Docker deployments with zero downtime
The swarm mode with docker service command introduced in version 1.12.0 aims to be a good tool for scaling your application and one of the nice feature promised is zero downtime deployments, which I’m going to try in this post.
UPD: Unfortunately latest docker versions keeps forwarding new connections to removed service tasks,
while containers got SIGTERM
and started graceful shutdown,
which makes no-downtime rolling updates impossible, at least without using an external load balancer.

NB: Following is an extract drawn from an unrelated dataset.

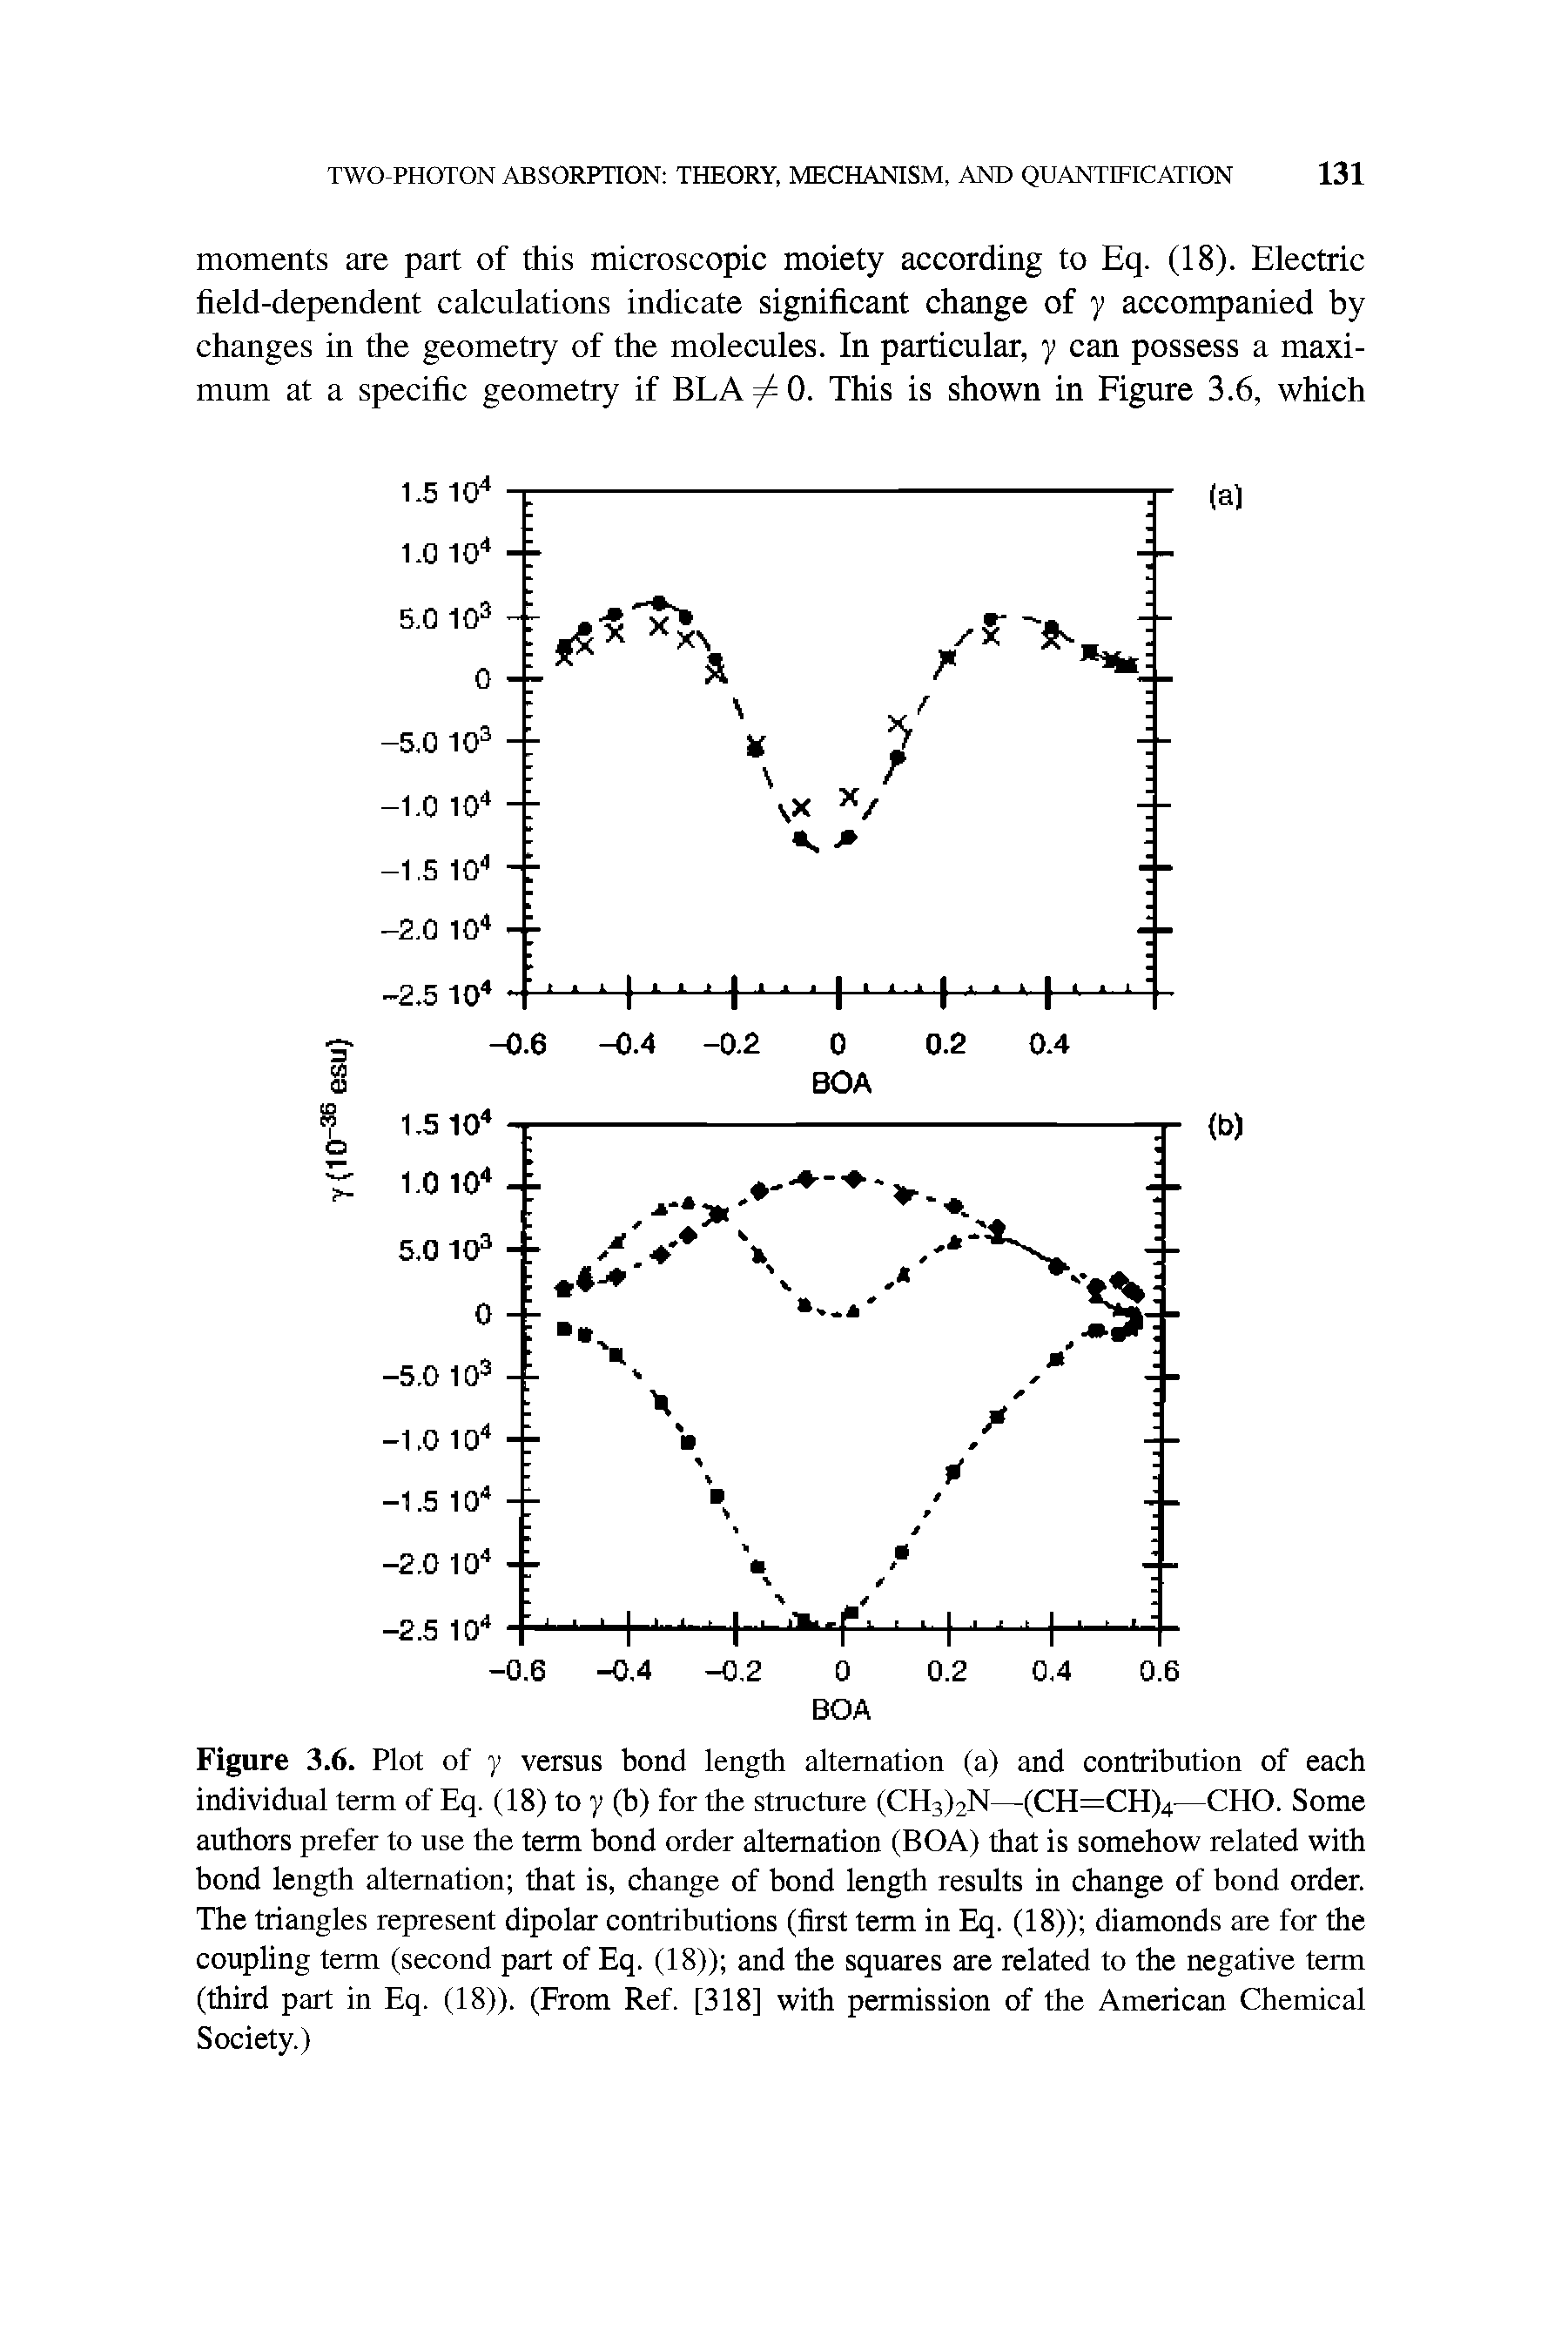 Figure 3.6. Plot of y versus bond length alternation (a) and contribution of each individual term of Eq. (18) to y (b) for the structure (CH3)2N—(CH=CH)4—CHO. Some authors prefer to use the term bond order alternation (BOA) that is somehow related with bond length alternation that is, change of bond length results in change of bond order. The triangles represent dipolar contributions (first term in Eq. (18)) diamonds are for the coupling term (second part of Eq. (18)) and the squares are related to the negative term (third part in Eq. (18)). (From Ref. [318] with permission of the American Chemical Society.)...

There are few related issues which should fix it (still open):
You can subscribe for issue notifications to get updates, meanwhile - get familiar with deployment process …
Application
First - we need our mission critical application to be packed in a docker image, and should respond to SIGTERM
signal to gracefully shutdown in timely manner.
Bootstrap
I’ll use a basic expressjs app generated with express-generator, which will just respond with a plain text response on it’s root path (source code can be found on github).
$ npm install -g express-generator
$ express --view=pug --git -f docker-deploy-test
create : docker-deploy-test
create : docker-deploy-test/package.json
create : docker-deploy-test/app.js
create : docker-deploy-test/.gitignore
create : docker-deploy-test/public
create : docker-deploy-test/public/javascripts
create : docker-deploy-test/public/images
create : docker-deploy-test/public/stylesheets
create : docker-deploy-test/public/stylesheets/style.css
create : docker-deploy-test/routes
create : docker-deploy-test/routes/index.js
create : docker-deploy-test/routes/users.js
create : docker-deploy-test/views
create : docker-deploy-test/views/index.pug
create : docker-deploy-test/views/layout.pug
create : docker-deploy-test/views/error.pug
create : docker-deploy-test/bin
create : docker-deploy-test/bin/www
install dependencies:
$ cd docker-deploy-test && npm install
run the app:
$ DEBUG=docker-deploy-test:* npm start
Install dependencies
$ cd docker-deploy-test && npm install
<long output of installed dependencies tree should be displayed here>
And run the app:
$ DEBUG=docker-deploy-test:* npm start
> [email protected] start /Users/vadim/projects/lostintime/docker-deploy-test
> node ./bin/www
docker-deploy-test:server Listening on port 3000 +0ms
Now on http://localhost:3000/ you can see this nice looking page.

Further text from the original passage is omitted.